Reid eye copyKDS stands for “Koch Derangement Syndrome,” and it is known to cause politicians to engage in all manner of self-flagellation, most especially Harry Reid. There are two stories out today suggesting Reid is going to want to punch himself in the mirror even harder than he did at Christmas following the Dems’ 2014 midterm wipeout.

The Washington Times reports today that Democratic Party strategists have concluded that their Koch obsession backfired:

Democratic officials are second-guessing the party’s obsession with attacking the Koch brothers, saying it bears some of the blame for last year’s devastating election losses as the focus on the conservative billionaires diluted a party message already struggling for clarity.

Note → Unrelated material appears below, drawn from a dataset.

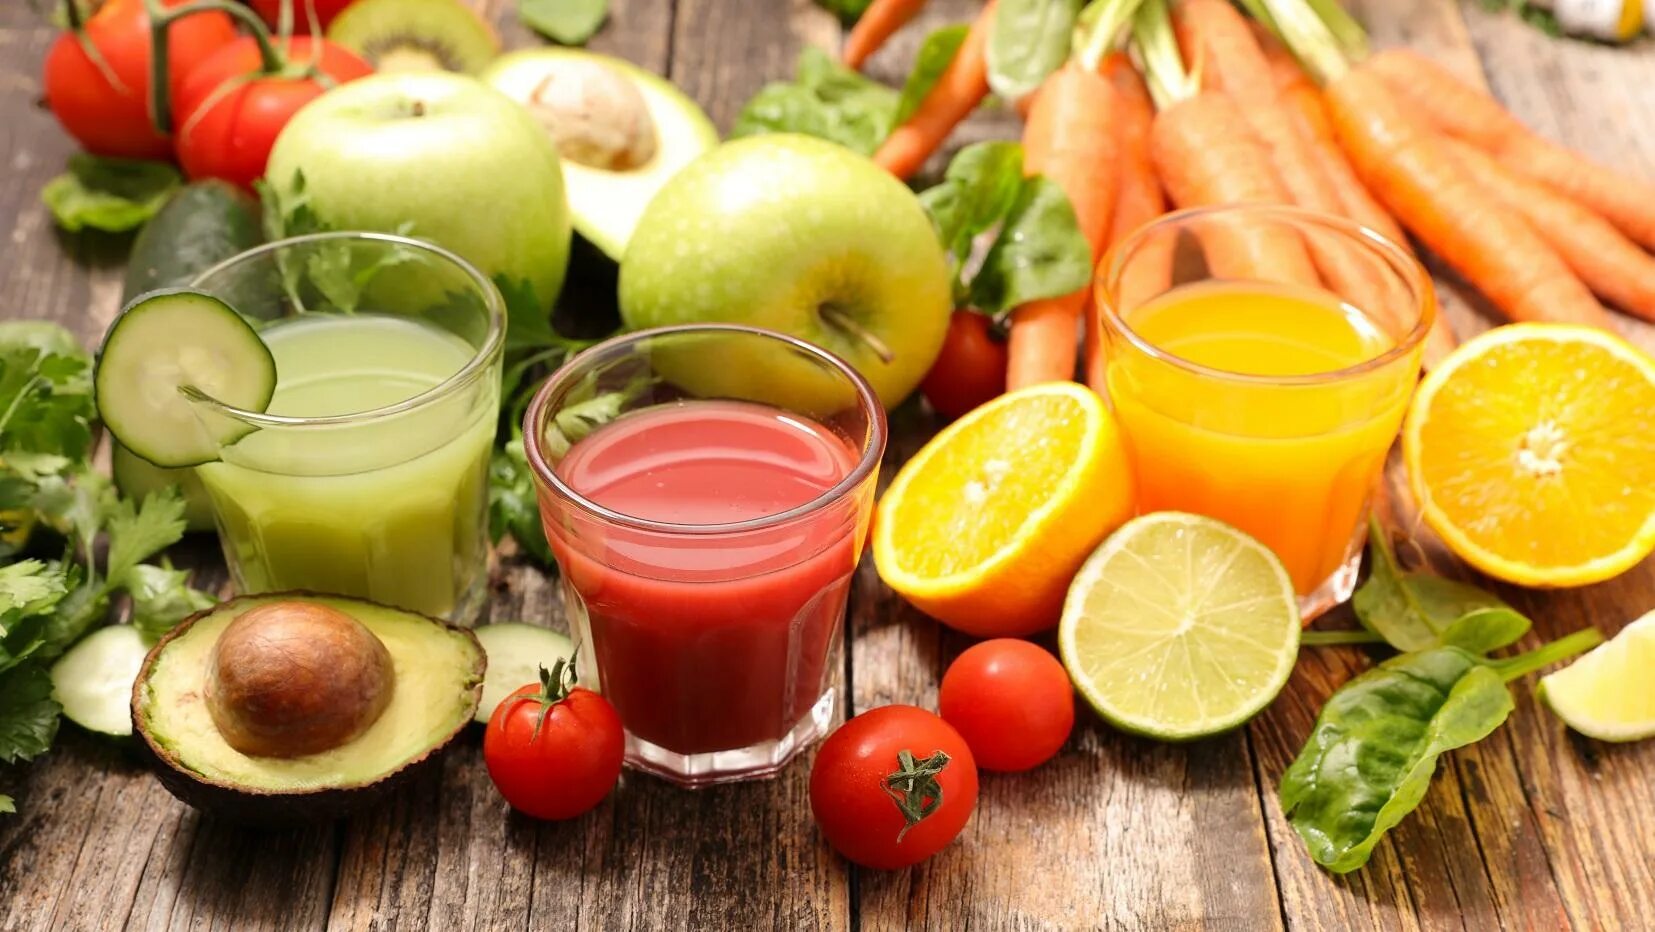 Vegetable juice. Соки из овощей и фруктов. Фруктовый сок. Свежевыжатый овощной сок. Плодово овощные соки.

Doubts about the relentless attacks on the Koch brothers surfaced as the Democratic National Committee held its annual meeting Thursday in Washington, where state party officials from across the country mulled what went wrong in 2014. . .

“It raises money for sure. But is it good to motivate a voter? No,” said a state party executive director who said he didn’t want to publicly criticize the national party leaders.

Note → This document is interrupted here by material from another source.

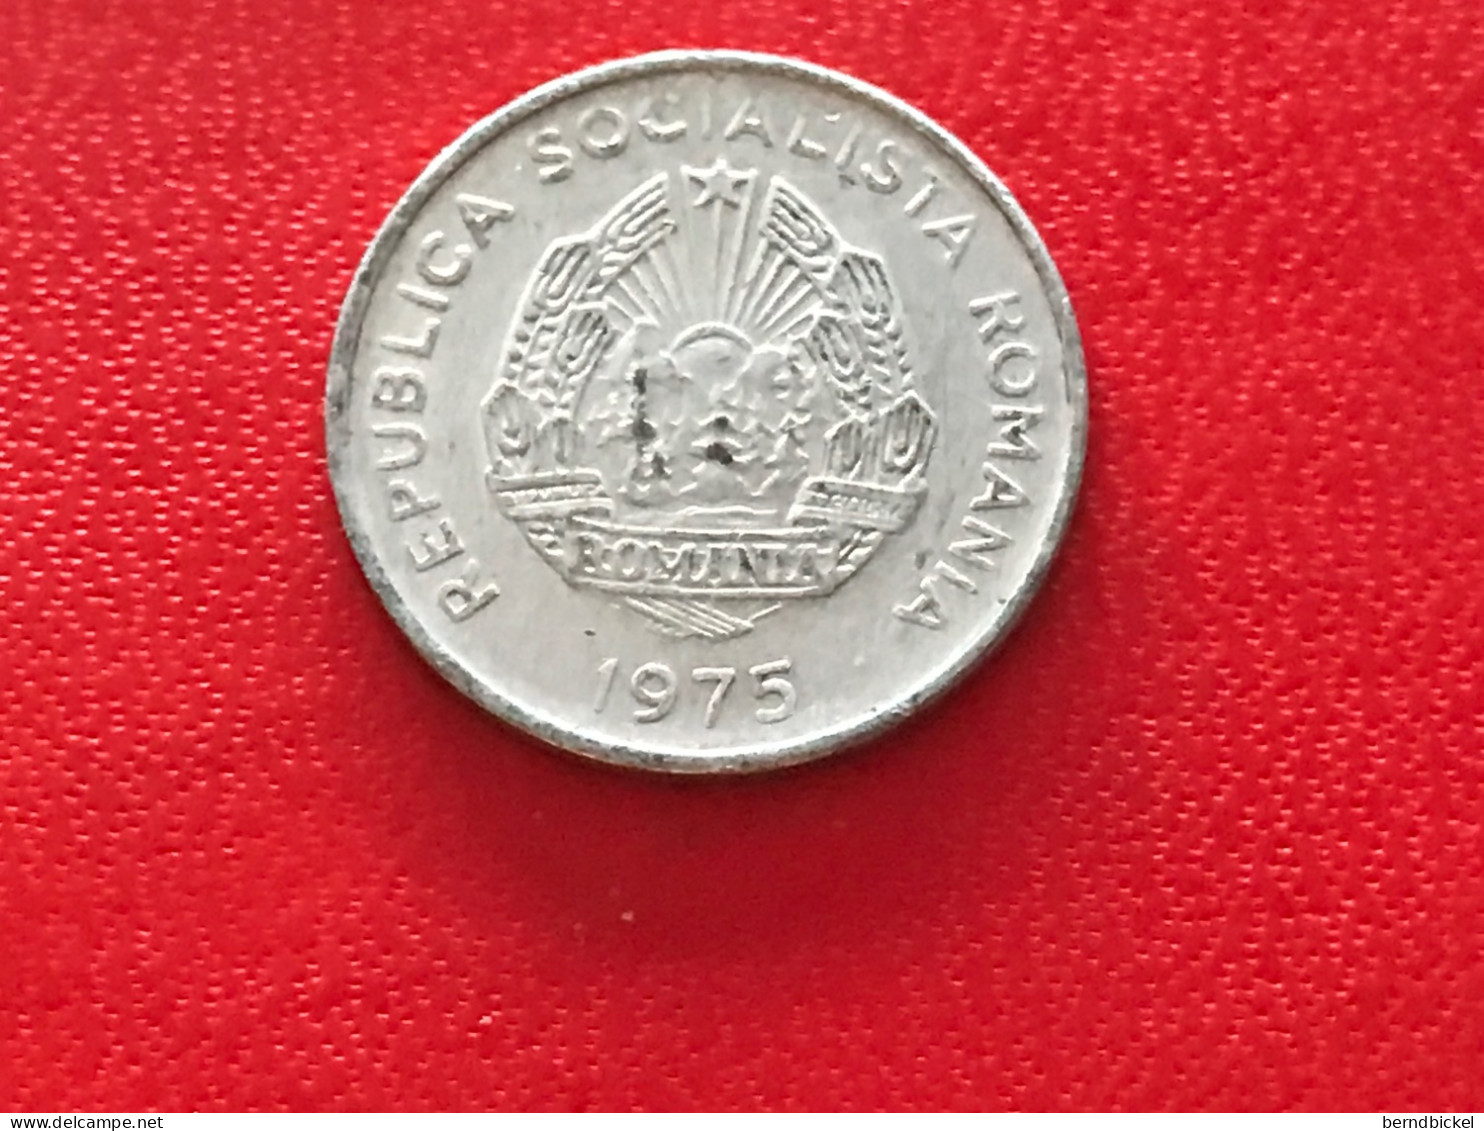 Münze Münzen Umlaufmünze Rumänien 15 Bani 1975 - Roumanie

On the other hand, political scientist Alan Abramowitz of Emory University, a very smart liberal I know slightly, has crunched the numbers and concluded that the Kochs’ spending had little or no effect on the 2014 midterm, at least in the Senate races, and looking ahead doubts that the Kochs’ 2016 proposed war chest of close to $900 million will have a significant effect on the outcome. In fact, Democrats had an outside money advantage in seven of the Senate seats they lost:

Republicans made major gains in the 2014 Senate elections but the findings reported here indicate that outside spending by conservative groups had little or nothing to do with those gains. The main reason why Republicans did very well in 2014 was that Democrats were defending far more seats than Republicans and many of those seats were in states that normally favor Republicans based on recent presidential voting patterns. Democrats lost all seven of their seats in states carried by Mitt Romney in 2012 even though Democratic candidates enjoyed an advantage in outside spending in several of those races.

Like all good liberals Abramowitz is fully outraged by Citizens United, but good for him for following his numbers, which are usually pretty good in other forecasting and analytical models he’s developed over the years. (Right now, incidentally, his presidential prediction model shows a pro-GOP popular vote tilt for 2016 based on general conditions.) His findings on outside campaign spending also fit with my casual thesis that the massive amounts of TV ad spending in closely contested states long ago reached the point of saturation and diminishing returns. I have no empirical proof of this, but my hunch is the next great campaign breakthrough will be figuring out a more effective way to spend campaign cash on something other than 30-second TV spots. (Perhaps this has already been done with the extensive data mining operations now under way, of which one of the best has reportedly been developed by . . . the Kochs. Heh.)

But either way, these two findings together are really ruining the weekend for all the Koch-heads on the Left.